El Prado nos trae a Chardin.Hay una enorme divergencia entre lo que vemos y lo que nos cuentan por escrito en las paredes.

Nos dicen que era un pintor comprometido con la verdad y la naturaleza. La relación de una pintura con la verdad no la entiendo y, en cuanto a su relación con la naturaleza, deficilmente podrá ser comprometida si casi todos sus cuadros son naturalezas muertas, aunque más adelante en su biografá añada figuras humanas

También nos dicen que era un pintor de pintores y eso ya se puede creer. Me topo con la evidencia de que es la primera vez que me acerco al lienzo hasta ver la pincelada y descubrir por qué una ostra es una ostra. Sin embargo no entiendo cómo se pueden hacer versiones de un mismo tema con ciertas partes de todas ellas siendo totalmente idénticas. ¿Cómo lo hacían en una época en la que no había impresoras ni tecnología digital. Debían tener alguna técnica de calco.
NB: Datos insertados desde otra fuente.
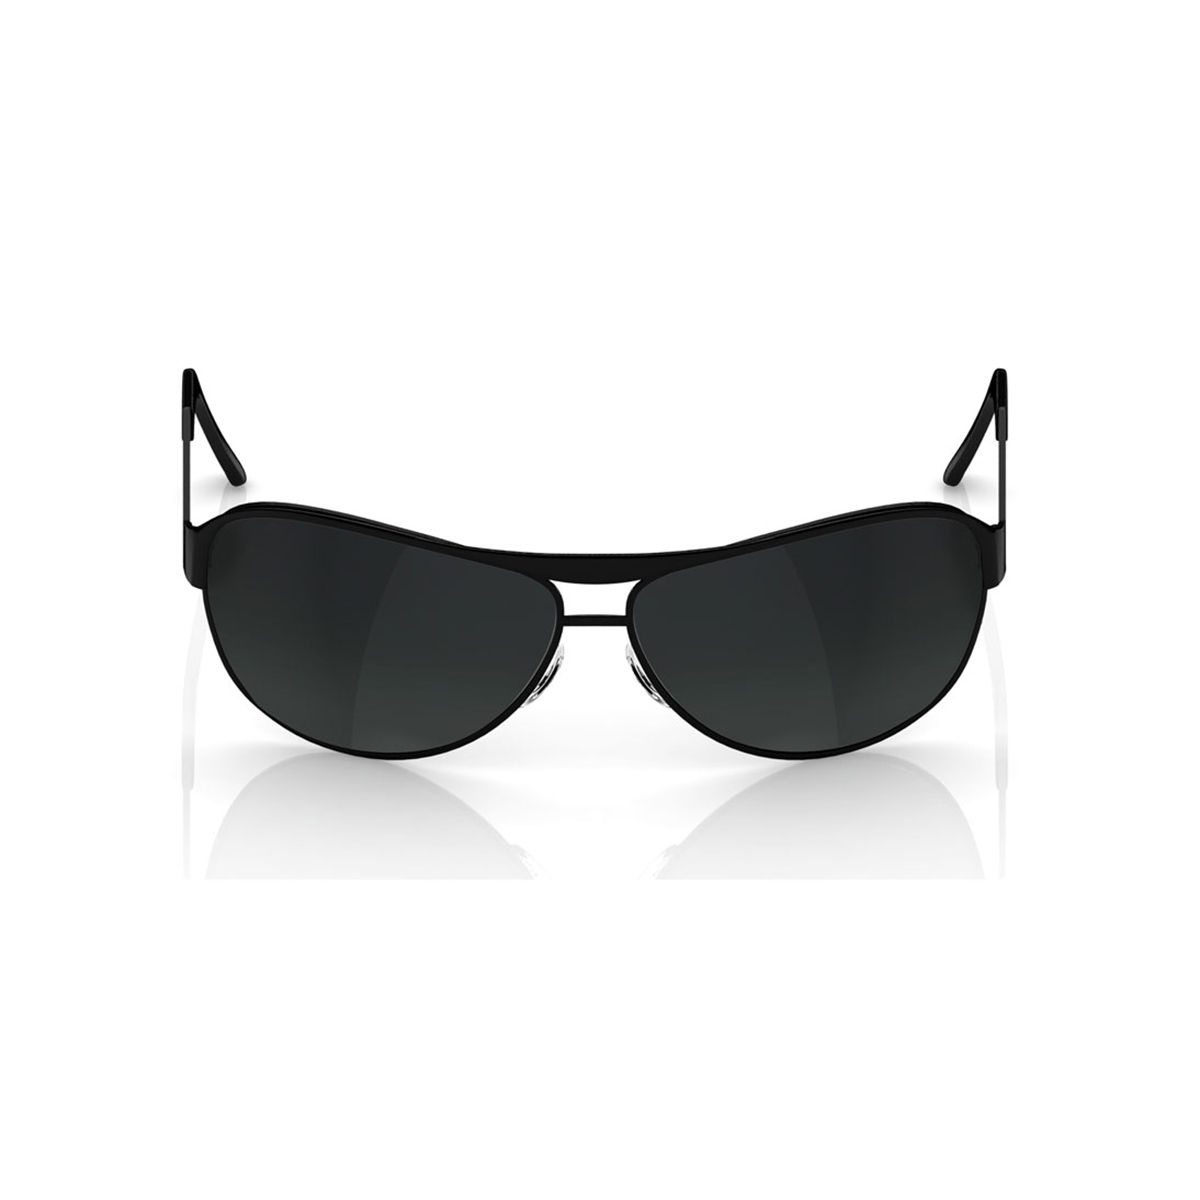 Buy Fastrack Black Aviator Sunglasses (M171BK1V) Online

En cualquier caso esa pincelada que casi me como produce una obra suculenta para este pobre glotón y creo debe de ser lo que le gustaba a Proust quien se refirió a la pintura de este francés del XVIII en los siguientes términos:

Como la vida, siempre tendrá algo nuevo que decirle, algún brillo que ofrecer,algún misterio que revelar; la vida cotidiana le cautivará, basta con que escuche algunos días esta pintura como si se tratara se una lección; y cuando haya comprendido la vida de su pintura habrá conquistado la belleza de la vida.

Su compromiso, el de Chardin, no es con la verdad sino con la realidad, una realidad mucho más jugosa de lo que en general imaginamos.

Vayan al Prado y disfruten de esa pintura excepcional, pero nolean nada escrito en las paredes.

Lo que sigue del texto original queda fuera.